Missouri’s population includes Russian and European boars as well as several varieties of domestic pig. They come in an array of colors and patterns, and usually range in size from 100 to 200 pounds, though they can grow significantly larger. The animals reach sexual maturity at a young age, with females able to reproduce at six months of age, and they can have two litters of four to eight piglets every 12 to 18 months.
Feral hogs may be the most prolific large mammal on earth, according to Leary. Their annual population growth rate can reach 166 percent if no removal efforts are made. Adult hogs have few predators and are very hardy, so natural mortality rates are low. The end result: populations can sustain up to a 70 percent reduction annually and still rebound the next year.

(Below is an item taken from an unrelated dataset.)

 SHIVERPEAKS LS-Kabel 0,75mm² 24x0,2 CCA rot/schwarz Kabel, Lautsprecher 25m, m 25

“This creates a nightmare situation for landowners and managers trying to get a handle on this growing problem,” said Leary.
Feral hogs wreak havoc on crops and pastureland from their rooting behavior and trampling. As few as 10 hogs can destroy 20 to 30 acres of crops in one night. Hogs can also destroy fencing, feeders and waterers, and they compete for and contaminate livestock and wildlife supplemental feeding stations. They wallow in wet areas near ponds, streams and wetlands, fouling water sources for livestock and wildlife.
Leary says feral hogs eat almost anything they come across. They compete directly with native wildlife for food and water, particularly with deer and turkey for acorns—and their rooting and trampling destroys wildlife habitat. They will also eat any wildlife they can fit their snouts around, including birds, reptiles, amphibians—even fawns.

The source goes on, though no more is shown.